Everything in the listing below should be repeated verbatim, apart from the pictures.

◆ Given information
──────────────────────────────

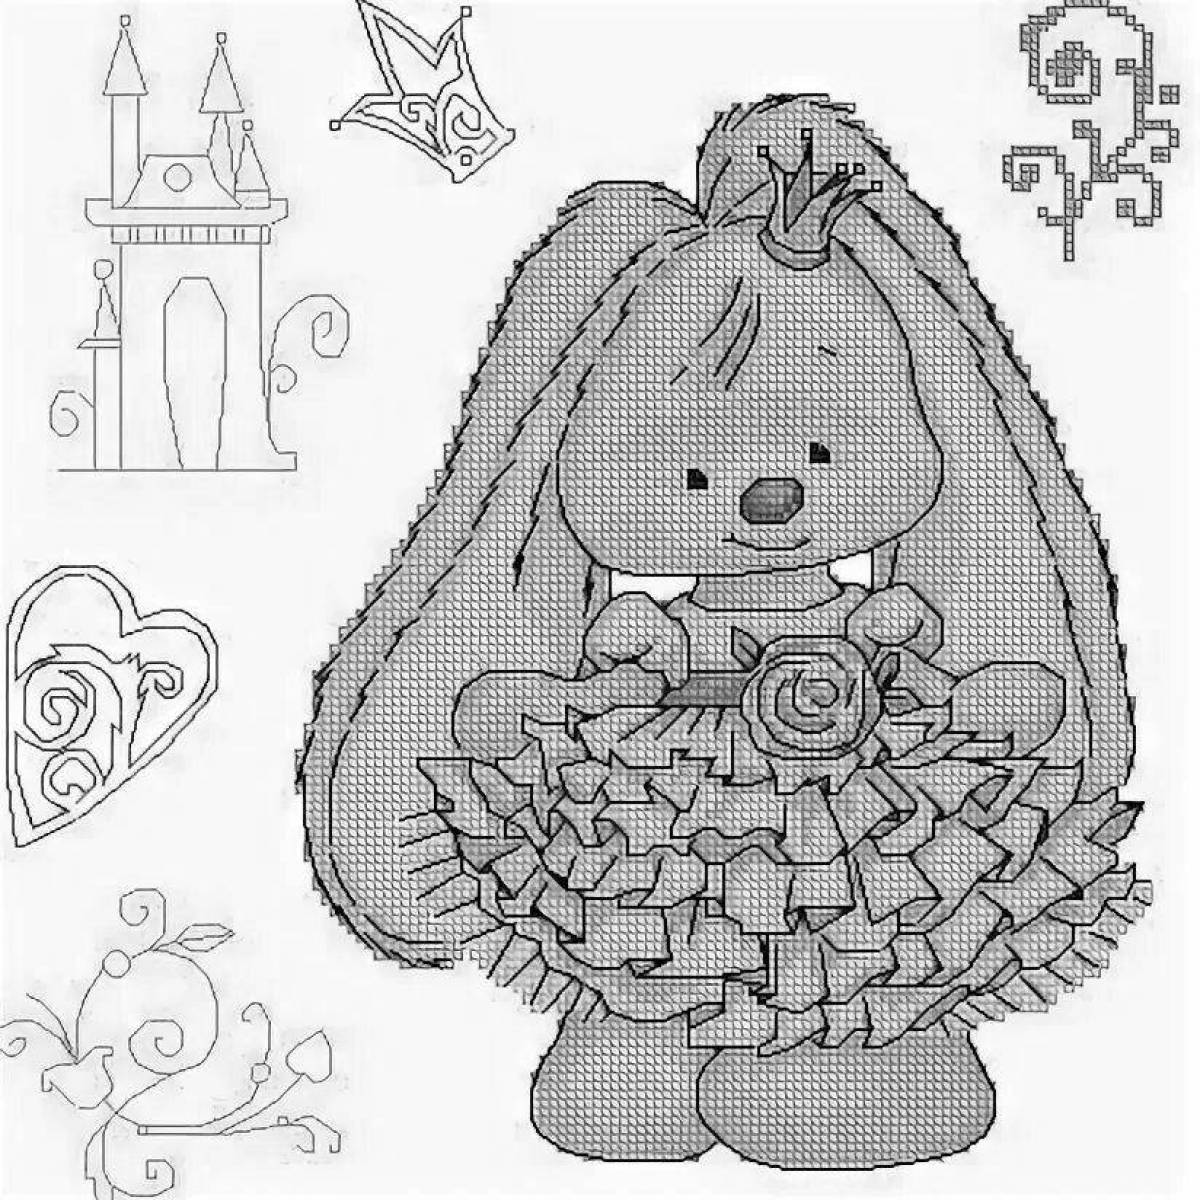 Playtime mi bunny coloring page
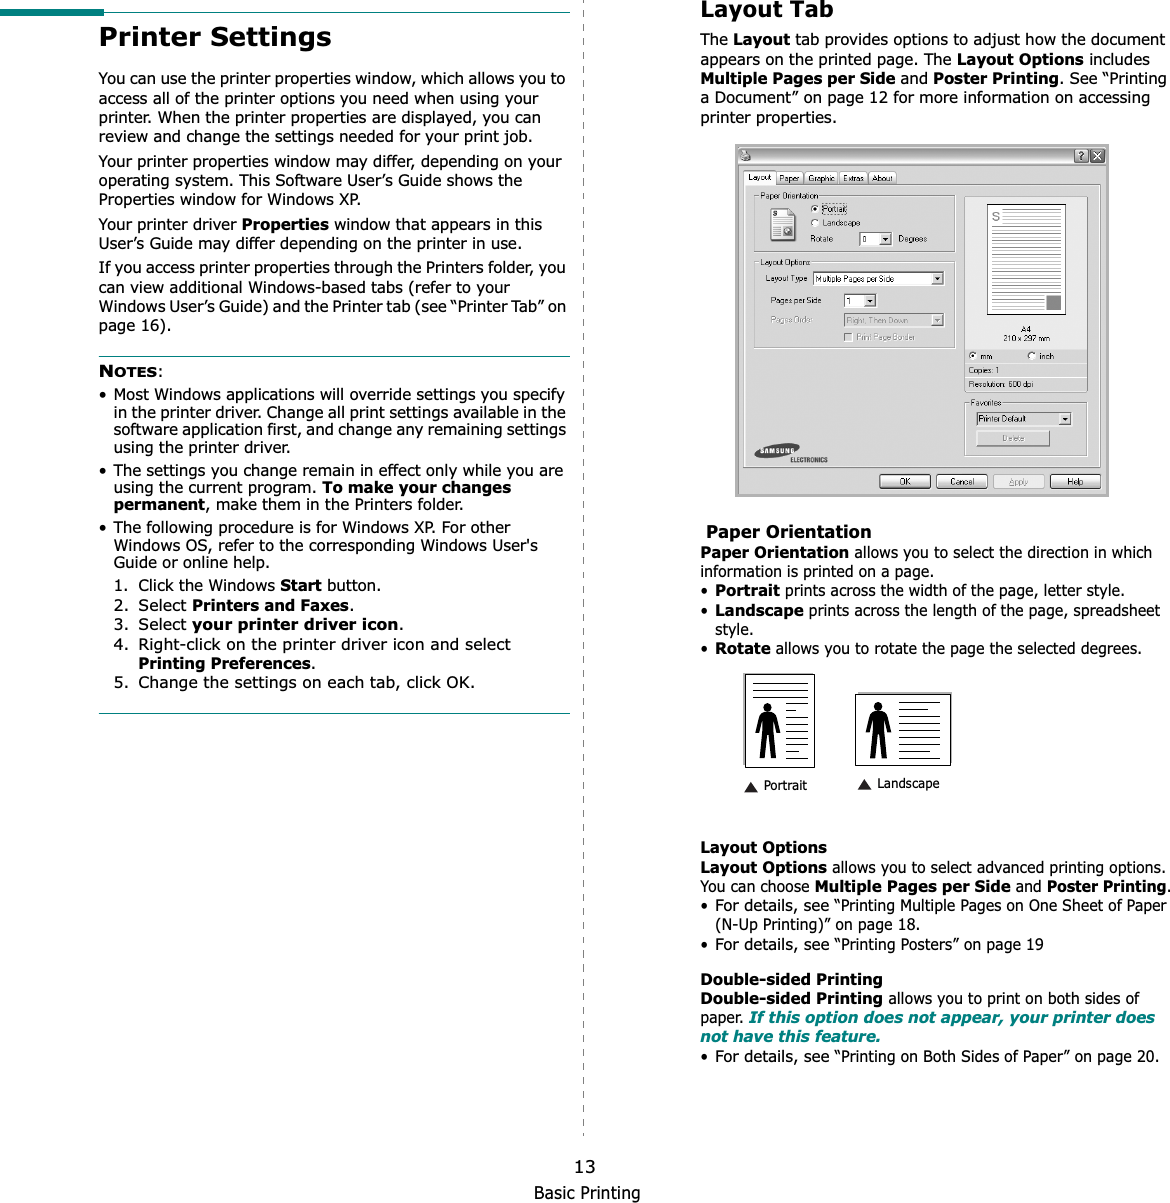 Basic Printing13Printer SettingsYou can use the printer properties window, which allows you to access all of the printer options you need when using your printer. When the printer properties are displayed, you can review and change the settings needed for your print job. Your printer properties window may differ, depending on your operating system. This Software User’s Guide shows the Properties window for Windows XP.Your printer driver Properties window that appears in this User’s Guide may differ depending on the printer in use.If you access printer properties through the Printers folder, you can view additional Windows-based tabs (refer to your Windows User’s Guide) and the Printer tab (see “Printer Tab” on page 16).NOTES:• Most Windows applications will override settings you specify in the printer driver. Change all print settings available in the software application first, and change any remaining settings using the printer driver. • The settings you change remain in effect only while you are using the current program. To make your changes permanent, make them in the Printers folder. • The following procedure is for Windows XP. For other Windows OS, refer to the corresponding Windows User&apos;s Guide or online help.1. Click the Windows Start button.2. Select Printers and Faxes.3. Select your printer driver icon.4. Right-click on the printer driver icon and select Printing Preferences.5. Change the settings on each tab, click OK.Layout TabThe Layout tab provides options to adjust how the document appears on the printed page. The Layout Options includes Multiple Pages per Side and Poster Printing. See “Printing a Document” on page 12 for more information on accessing printer properties.  Paper OrientationPaper Orientation allows you to select the direction in which information is printed on a page. •Portrait prints across the width of the page, letter style. •Landscape prints across the length of the page, spreadsheet style. •Rotate allows you to rotate the page the selected degrees.Layout OptionsLayout Options allows you to select advanced printing options. You can choose Multiple Pages per Side and Poster Printing.•For details, see “Printing Multiple Pages on One Sheet of Paper (N-Up Printing)” on page 18.•For details, see “Printing Posters” on page 19Double-sided PrintingDouble-sided Printing allows you to print on both sides of paper. If this option does not appear, your printer does not have this feature.•For details, see “Printing on Both Sides of Paper” on page 20. Landscape Portrait
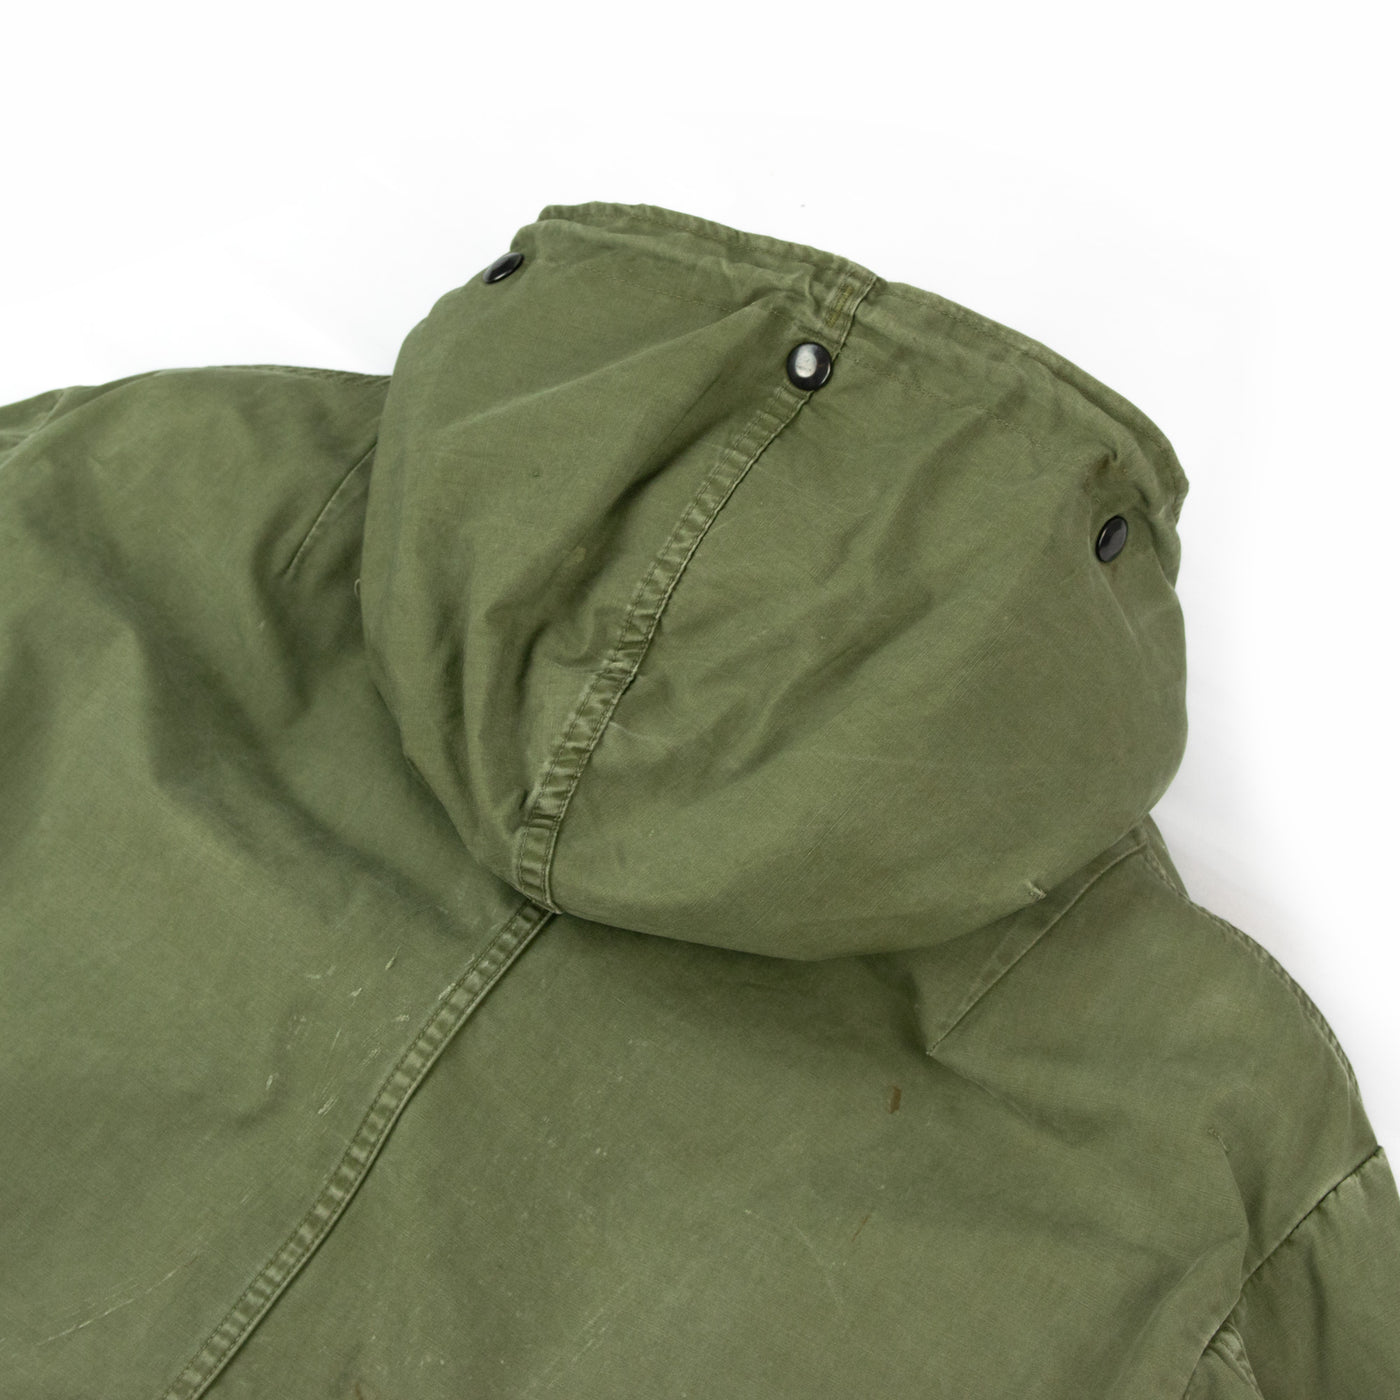 Vintage 1950s US Army Air Force M-47 Military Parka with Detachable Pile Liner - M Hood

──────────────────────────────

◆ Answer section
 Playtime mi bunny coloring page
 Basic Printing13Printer SettingsYou can use the printer properties window, which allows you to access all of the printer options you need when using your printer. When the printer properties are displayed, you can review and change the settings needed for your print job. Your printer properties window may differ, depending on your operating system. This Software User’s Guide shows the Properties window for Windows XP.Your printer driver Properties window that appears in this User’s Guide may differ depending on the printer in use.If you access printer properties through the Printers folder, you can view additional Windows-based tabs (refer to your Windows User’s Guide) and the Printer tab (see “Printer Tab” on page 16).NOTES:• Most Windows applications will override settings you specify in the printer driver. Change all print settings available in the software application first, and change any remaining settings using the printer driver. • The settings you change remain in effect only while you are using the current program. To make your changes permanent, make them in the Printers folder. • The following procedure is for Windows XP. For other Windows OS, refer to the corresponding Windows User&apos;s Guide or online help.1. Click the Windows Start button.2. Select Printers and Faxes.3. Select your printer driver icon.4. Right-click on the printer driver icon and select Printing Preferences.5. Change the settings on each tab, click OK.Layout TabThe Layout tab provides options to adjust how the document appears on the printed page. The Layout Options includes Multiple Pages per Side and Poster Printing. See “Printing a Document” on page 12 for more information on accessing printer properties.  Paper OrientationPaper Orientation allows you to select the direction in which information is printed on a page. •Portrait prints across the width of the page, letter style. •Landscape prints across the length of the page, spreadsheet style. •Rotate allows you to rotate the page the selected degrees.Layout OptionsLayout Options allows you to select advanced printing options. You can choose Multiple Pages per Side and Poster Printing.•For details, see “Printing Multiple Pages on One Sheet of Paper (N-Up Printing)” on page 18.•For details, see “Printing Posters” on page 19Double-sided PrintingDouble-sided Printing allows you to print on both sides of paper. If this option does not appear, your printer does not have this feature.•For details, see “Printing on Both Sides of Paper” on page 20. Landscape Portrait
 Vintage 1950s US Army Air Force M-47 Military Parka with Detachable Pile Liner - M Hood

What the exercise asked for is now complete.